Encountered a small but irritating problem between Access 2000 and Access 2003. Designed a table and input form in Access 2000 that contain a date field to capture credit card expiration dates, which are always only month and year. Made the format "m/yy" with an input mask of #0/00;0;_. Works perfectly in my Access 2000, but when I installed the application on a client's (non-profit org.) computers, which have Access 2003, *every entry of a year other than this year (06) gets changed to 06*. E.g., if the user enters 0508 and tabs to the next field, it displays "5/06". It behaves as though it thinks you entered only the month and DAY, but since the format has to be m/yy, it displays the 5 and tacks on the current year.

Access (at least Access 2000) does not offer a built-in month/year format. So how can I make the field understand that what goes in there is supposed to be only month and year? Is it possible to do with a Date/Time field type, or do I need to make it Text, or what?


----------



## etaf (Oct 2, 2003)

i'm a surprised on the M/YY format - how doesOct Nov Dec work 10/11/12
should the format be MM/YY


----------



## DKTaber (Oct 26, 2001)

You can make the format anything you want. It controls only what's displayed, not what the system stores.

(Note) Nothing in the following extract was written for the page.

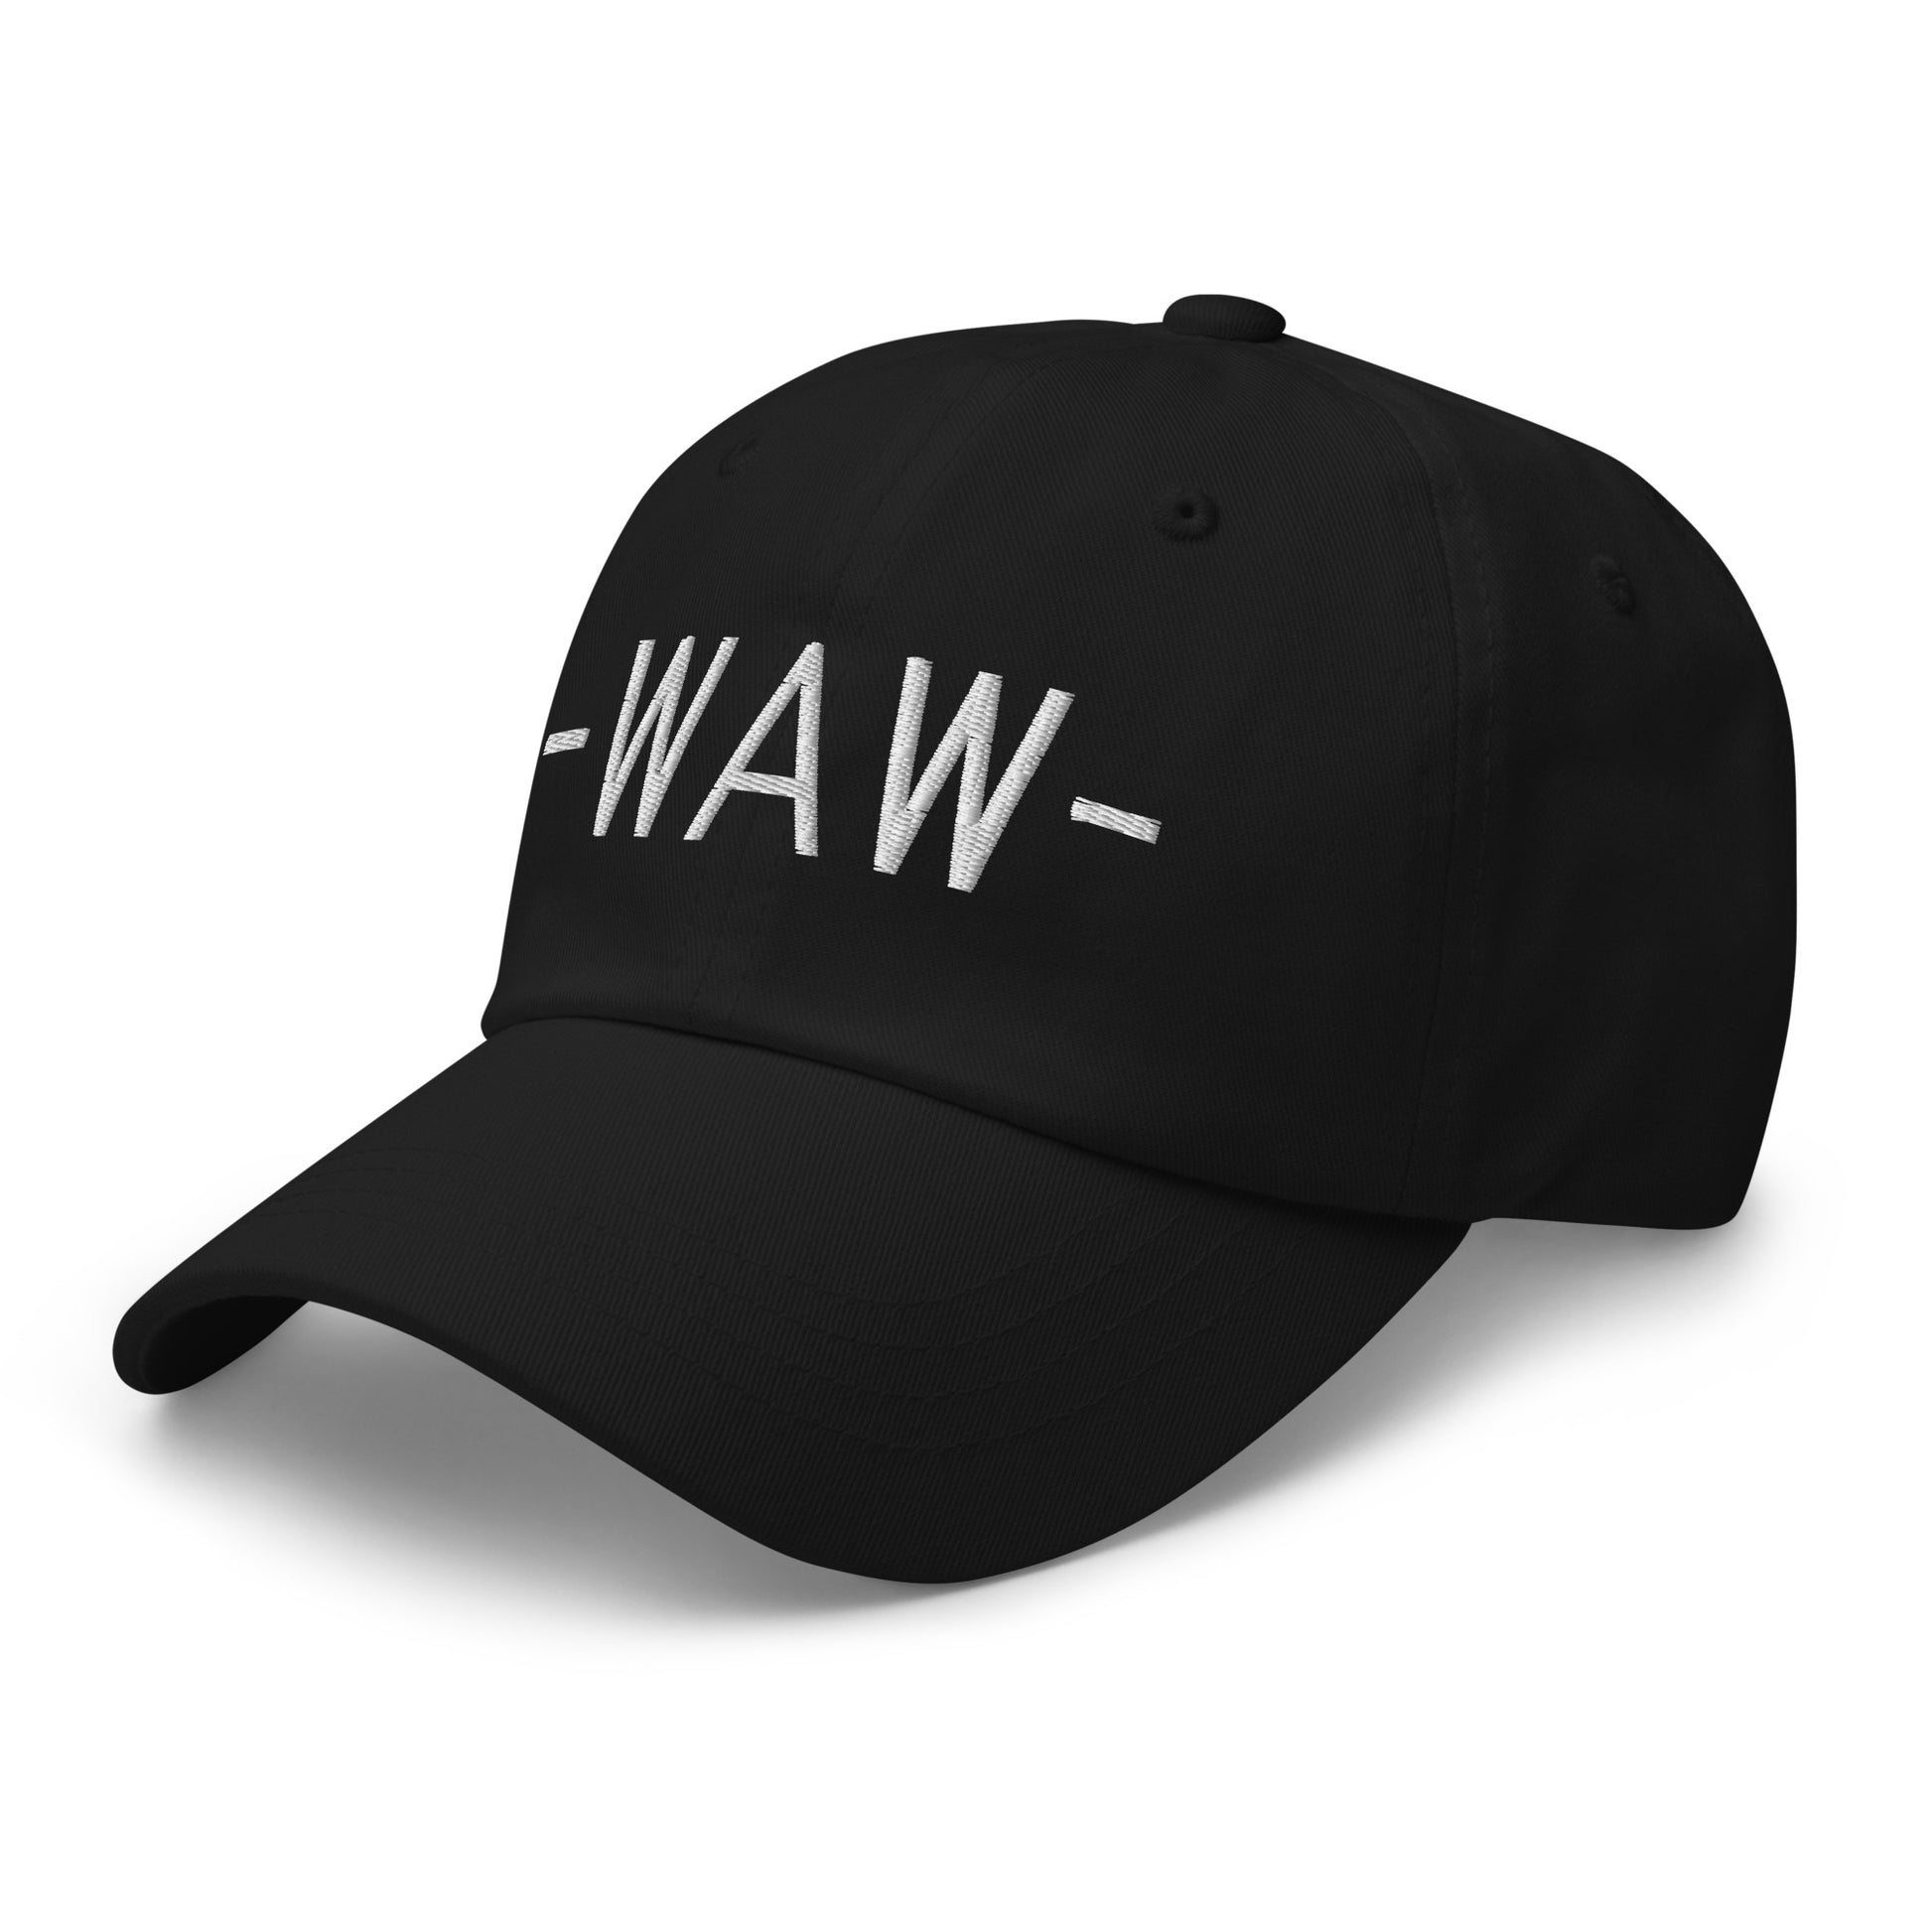 Souvenir Baseball Cap - White • WAW Warsaw • YHM Designs - Image 13

If I make the format "mm/yy", for single-digit months it will display "05/06". With the "m/yy", it displays "5/06" and for double digit months, 12/06. However, what the system stores is the *Julian* date (today, for example, is 38801). That may be the problem because if you establish a field with a data type of "Date/Time", Access 2003 might require the full date in order to store the Julian number. But why doesn't Access 2000?


----------



## DKTaber (Oct 26, 2001)

Upon posting this message, I'll mark it as solved. Reason: The problem has nothing to do with differences between Access 2000 and -2003. I just retried entering a month/year other than this year, and my Access 2000 does the same thing -- changes the year to this year regardless of what you enter. I have concluded that a month/year field CANNOT be entered in the table definition as "Date/Time"; it MUST be "Text". If one thinks about it, a "month/year" entry IS NOT A DATE! Access stores all dates in Julian format and cannot store a month/year entry in that format because there is no DAY.

I apologize for cluttering the board. Next time, I will make sure brain is in gear before engaging mouth!


----------